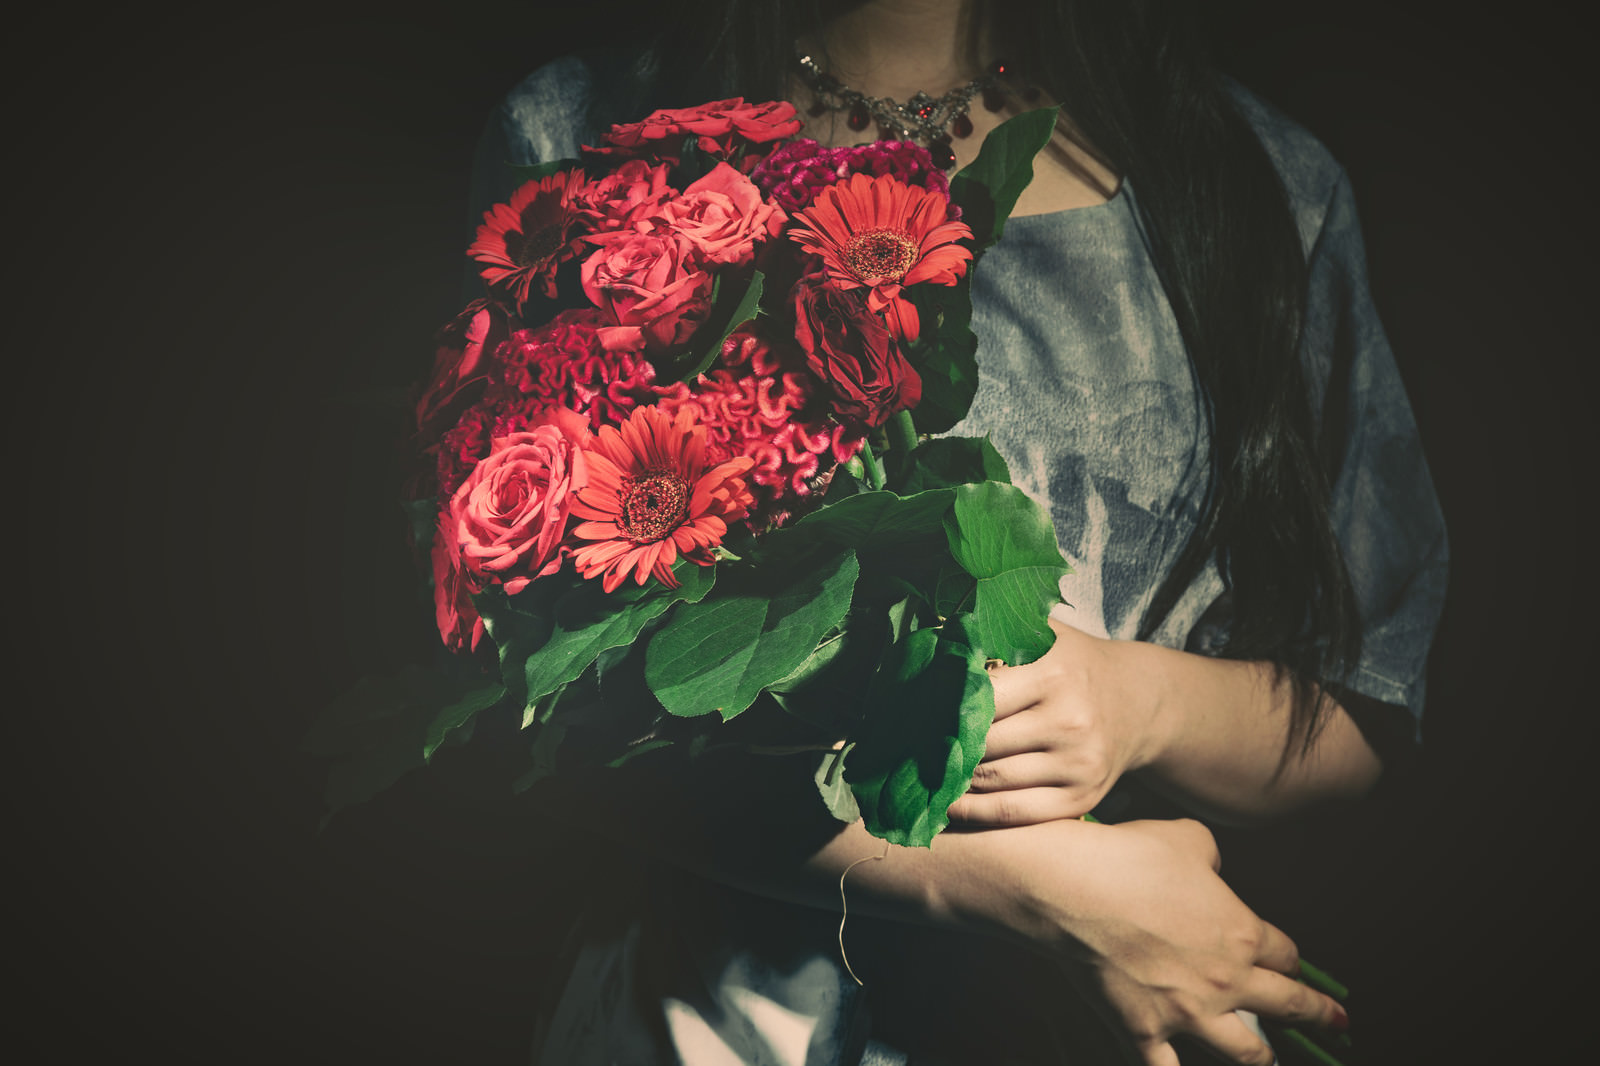 「バラの花束をを抱えた女性 | フリー素材のぱくたそ」の写真
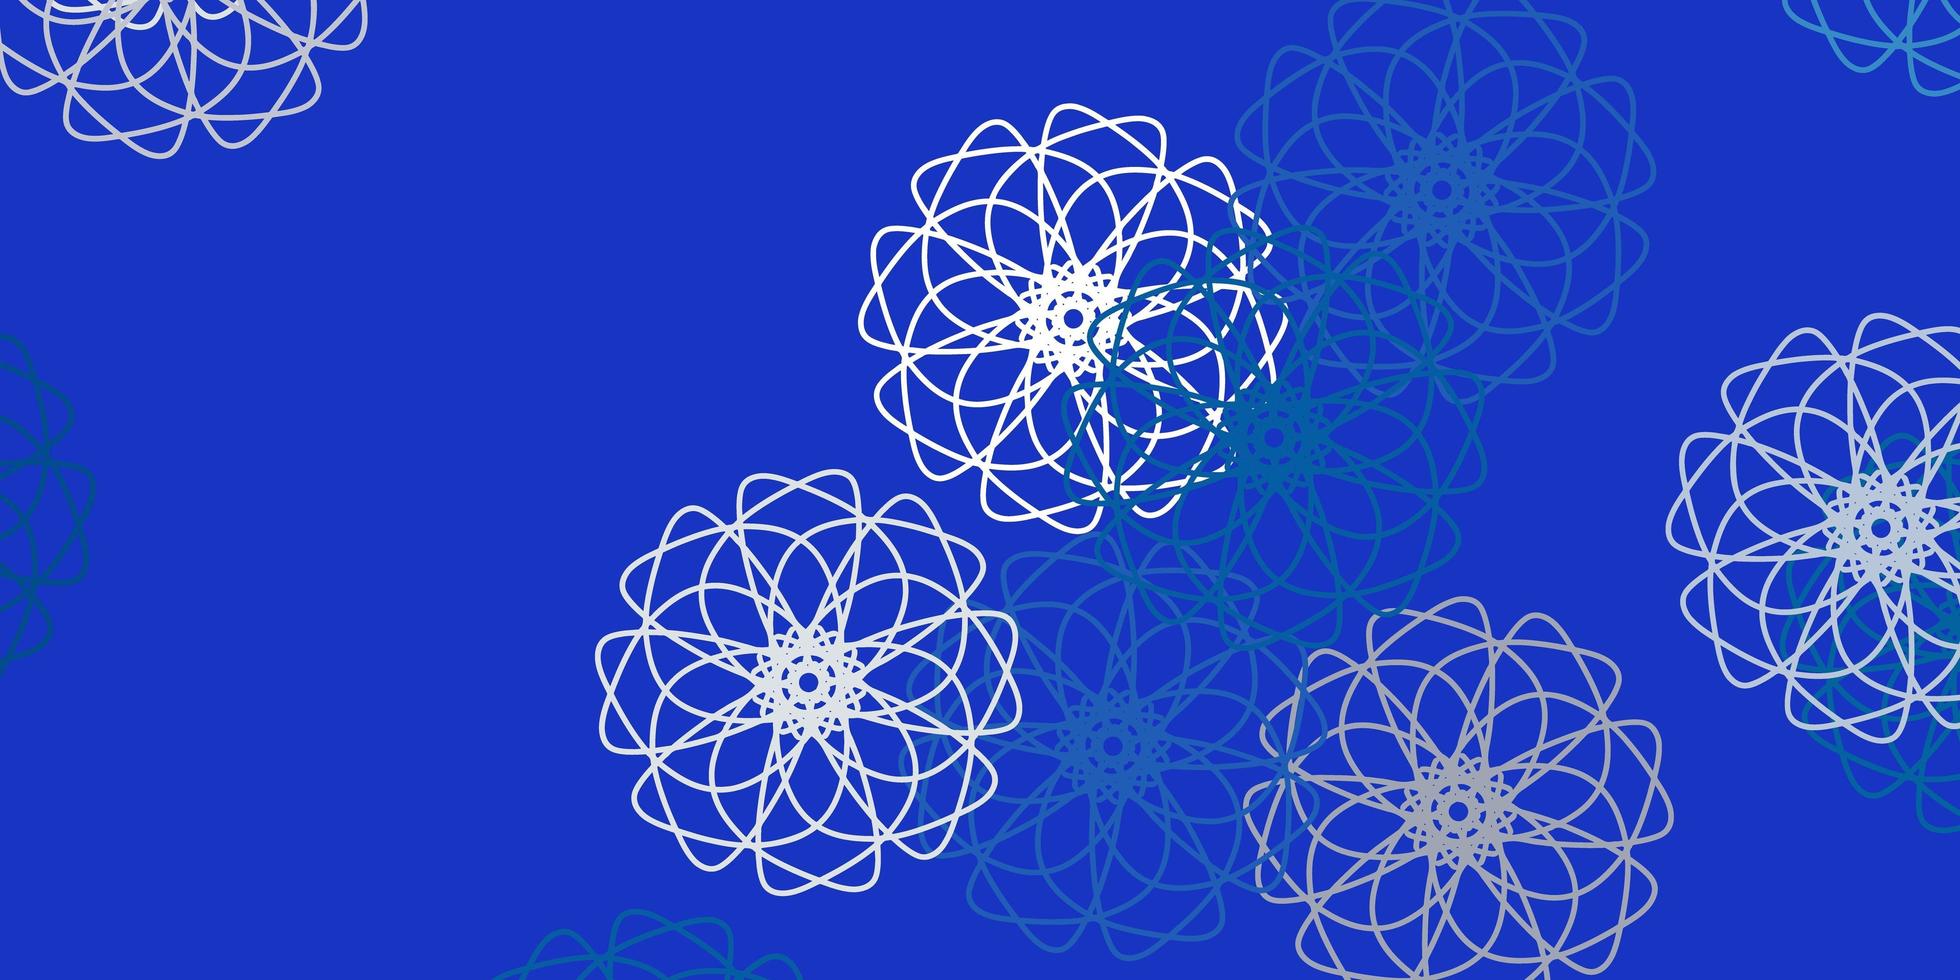 layout naturale vettoriale azzurro con fiori.
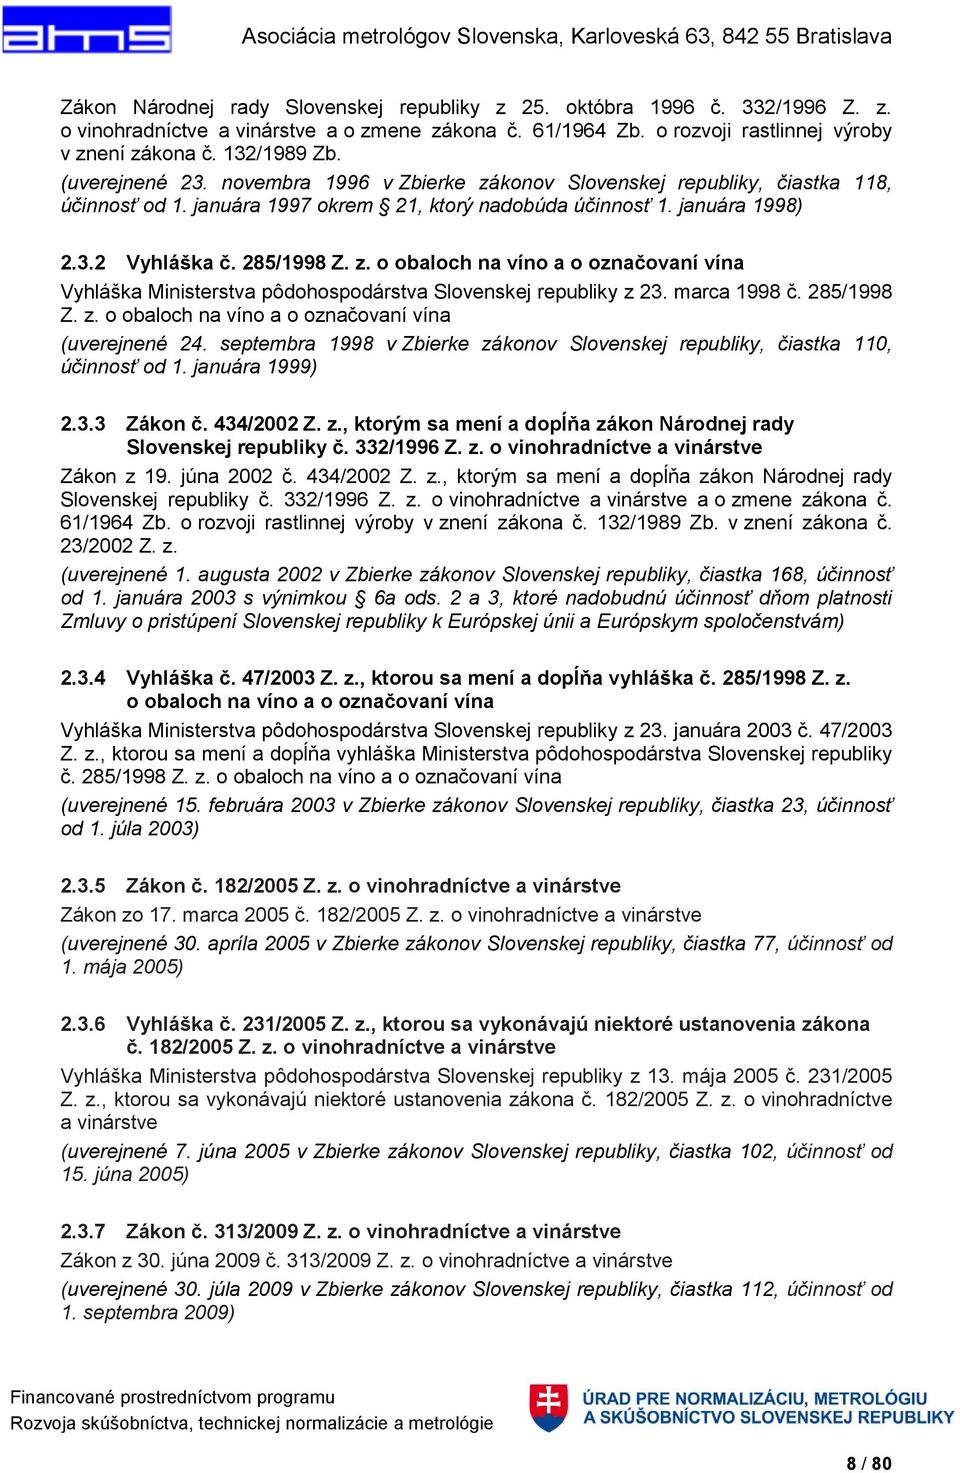 marca 1998 č. 285/1998 Z. z. o obaloch na víno a o označovaní vína (uverejnené 24. septembra 1998 v Zbierke zákonov Slovenskej republiky, čiastka 110, účinnosť od 1. januára 1999) 2.3.3 Zákon č.

## EXERCISE
A verbatim rendering of the listing above is required, without any of its pictures.

## REPLY TO THE TASK
 「バラの花束をを抱えた女性 | フリー素材のぱくたそ」の写真
 layout naturale vettoriale azzurro con fiori.
 marca 1998 č. 285/1998 Z. z. o obaloch na víno a o označovaní vína (uverejnené 24. septembra 1998 v Zbierke zákonov Slovenskej republiky, čiastka 110, účinnosť od 1. januára 1999) 2.3.3 Zákon č.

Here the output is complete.